Yes. Yes. No, that's what we see. And let's say, Christmas, especially. You see it also in the press, companies really saying they need to start advertising again and they -- even though people don't expect a great Christmas season for a lot of industries, but they still expect consumers. Yes, they need to trigger consumers by advertising. So that's -- and yes, how to say it, also what we saw in the Black Friday and things, especially U.S. that there is more willingness to do a bit more.Then on your second question about in-app as a segment of advertising. What we still notice is that there's still a bit of purchases there like in-app is gaming and gaming is young boys eating pizzas. So in that sense, there is a bit of market education to do there, which we are working on because with in-app, we have a very good household reach. And basically, everybody is a gamer nowadays, but also everybody has in-apps, and it's not only game apps that we talk about. We talk about weather apps. We talk about news apps. We talk about dating apps and many, many more. So in that sense, the reach is there. It has a lot to do with the education. And yes, as we all know, mobile phones are now so good that you can watch videos and everything at high quality. So it's something that takes time. Marketing managers tend to be a bit conservative in adopting new things. That's what we have seen here, but that has been seen before. So, we are really, yes, happy to be in this segment because on the other side, we see that there's a lot of growth potential.

P
Paul Echt
executive

Maybe just to add -- maybe just to add, Philipp, also on the demand side. So, we're also seeing the strategy, which we were driving over the last years where we invested a lot into our demand side segment, that we're now really getting also bigger advertisers, direct contracts, et cetera. All this takes a lot of time. But also there, we see some good traction, et cetera. And I think that we can also expect that -- especially also the demand side segment will further grow also in the coming quarters on the base of new customers onboarded.

J
Joerg Frey
analyst

That sounds good. If I may, one housekeeping question. Can you provide the number of cash earn-outs that you paid in the third quarter?

P
Paul Echt
executive

Yes. So, we basically paid EUR 10.2 million to AxesInMotion in the first 9 months. EUR 5.2 million out of that was in the third quarter. And then there was another EUR 1.6 million earn-out for another small acquisition from the past, which we paid.
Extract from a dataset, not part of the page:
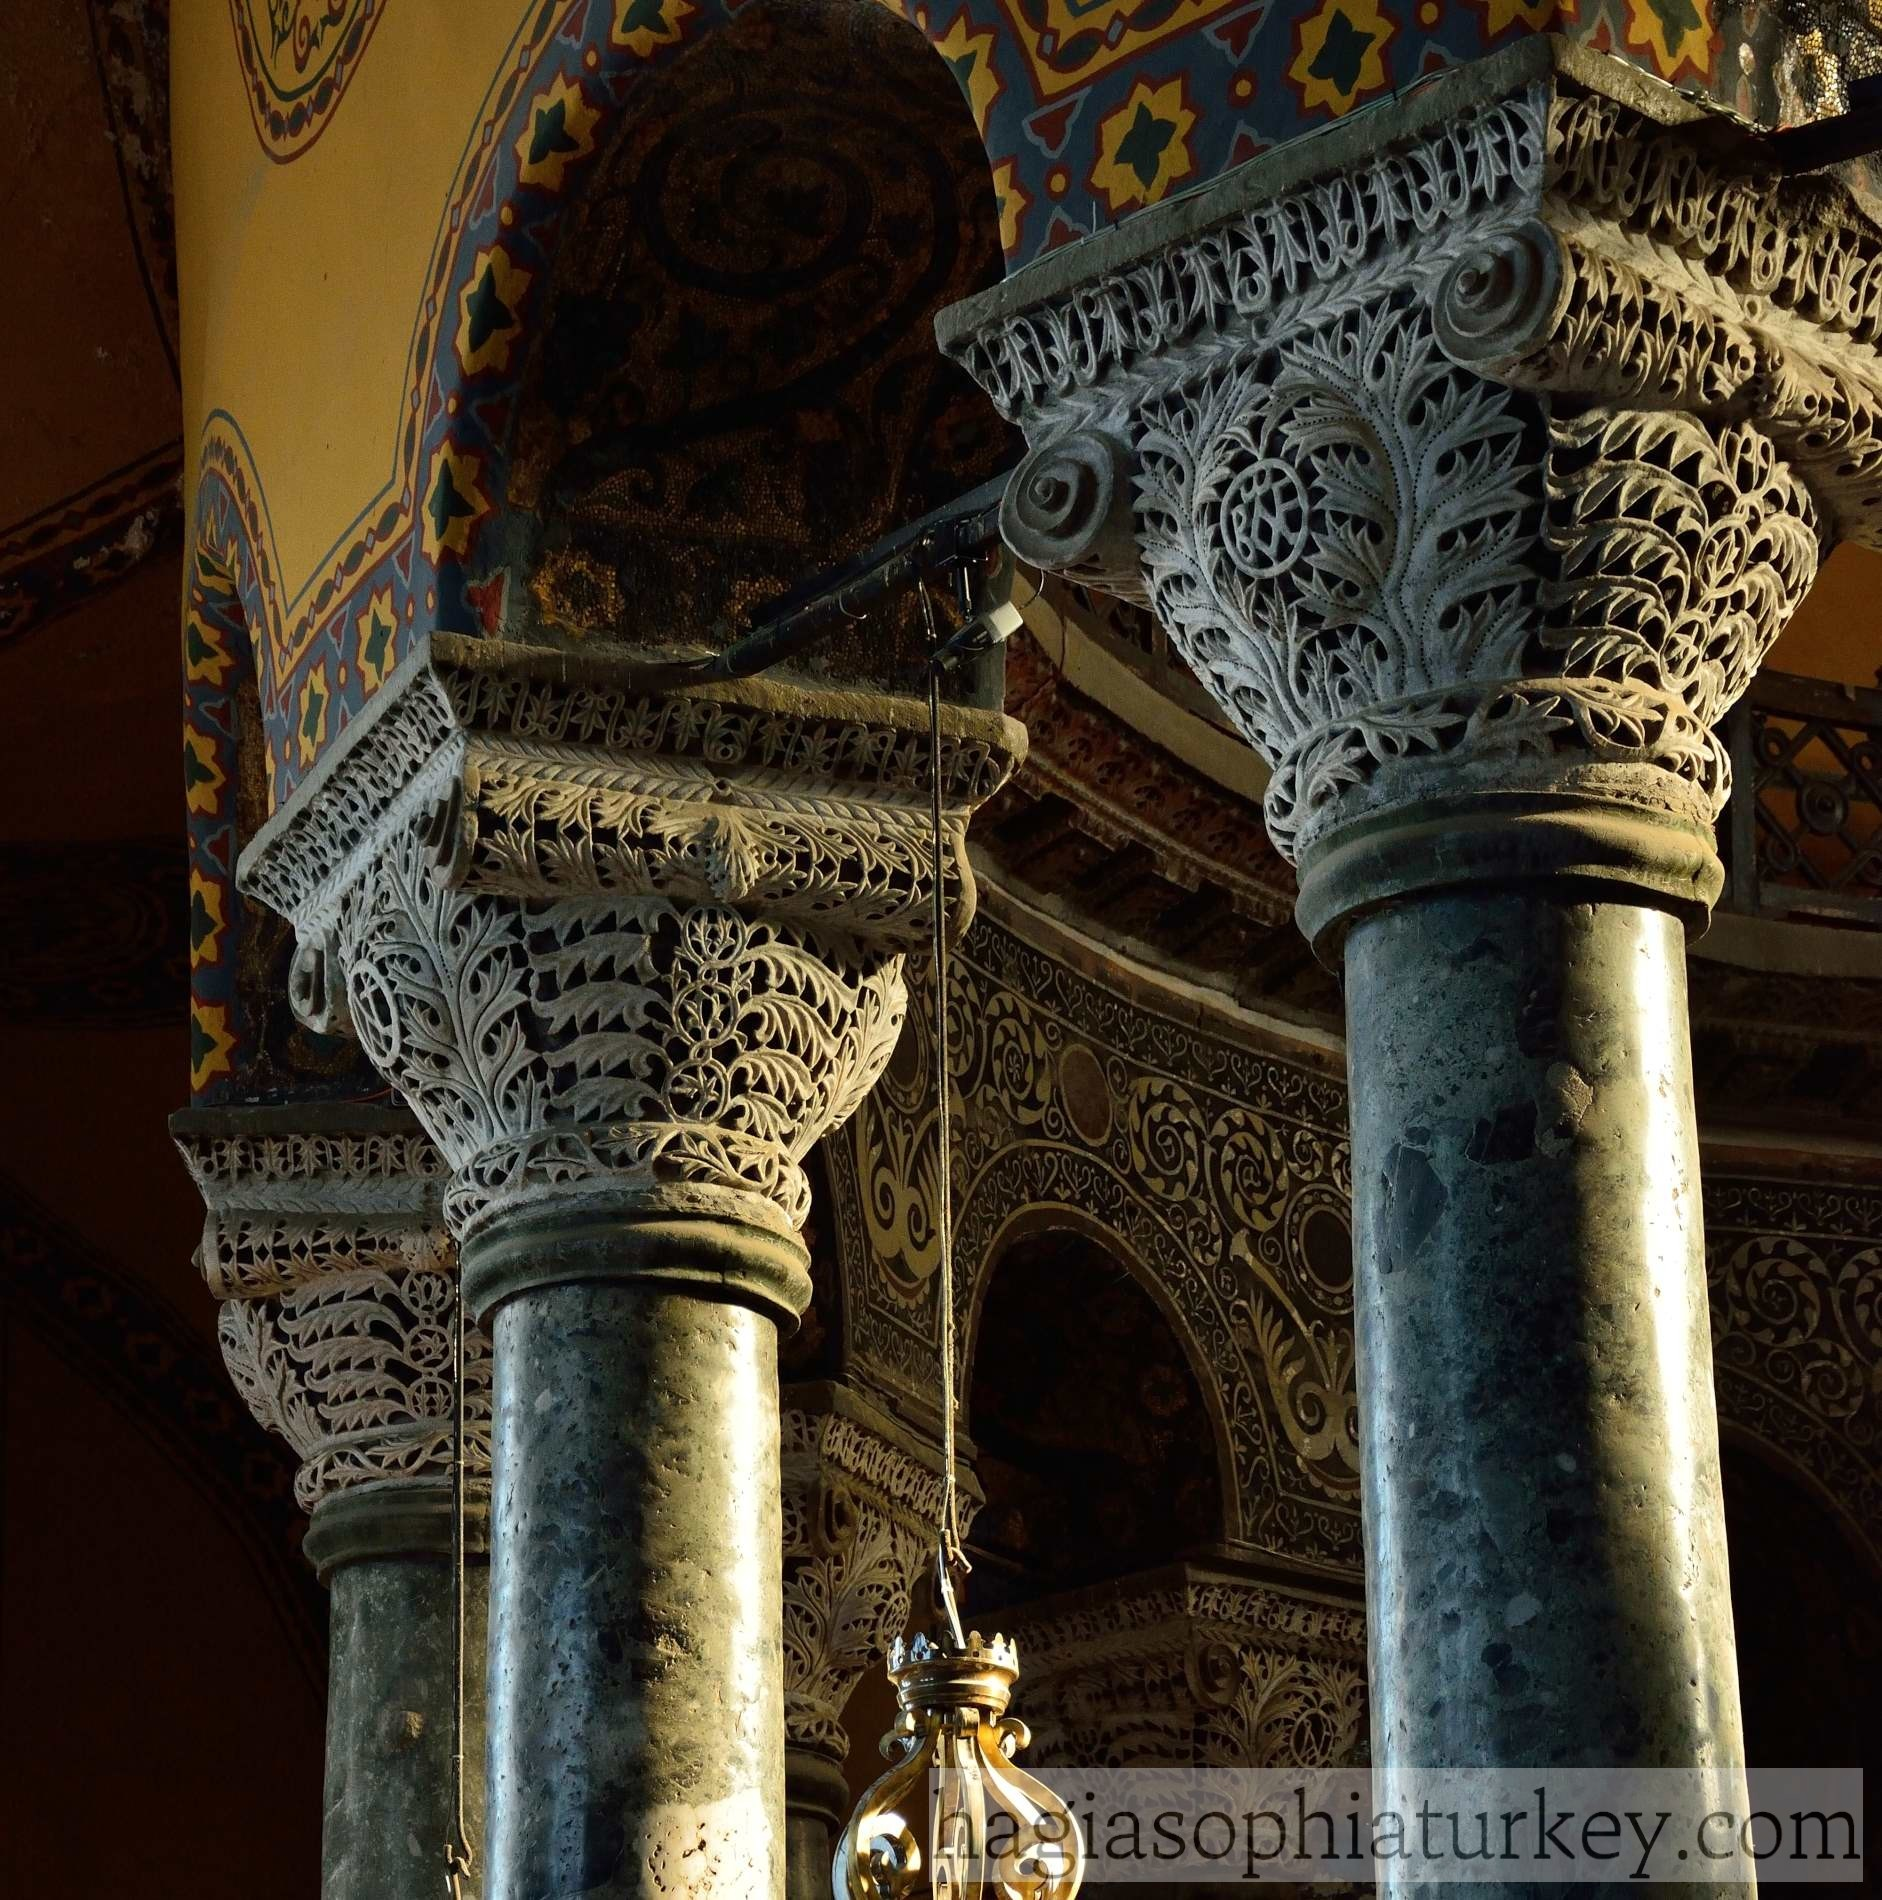 324 CE-726 Early Byzantine Art   Ancient to Medieval Art   Hagia Sophia Interior Columns

So in total, in the third quarter, EUR 5.2 million plus EUR 1.6 million cash earn-out.

Operator

[Operator Instructions] There are no more questions at this time. So, I hand the conference back to the speakers for any closing comments.

R
Remco Westermann
executive

Yes. Thank you very much. Then we come to the end of this. I would like to thank all investors, all bondholders and our stakeholders for their interest in our company. And yes, 2023, as I said, is not the easiest year, but I hope that we were able to make clear that we are really gaining market share and that at the moment, that CPMs and budgets are coming back. This should give us a lot of tailwinds instead of the headwinds that we've seen now.So thank you all very much. And of course, Paul, myself and our Investor Relations people are all available to answer further questions. Thank you very much.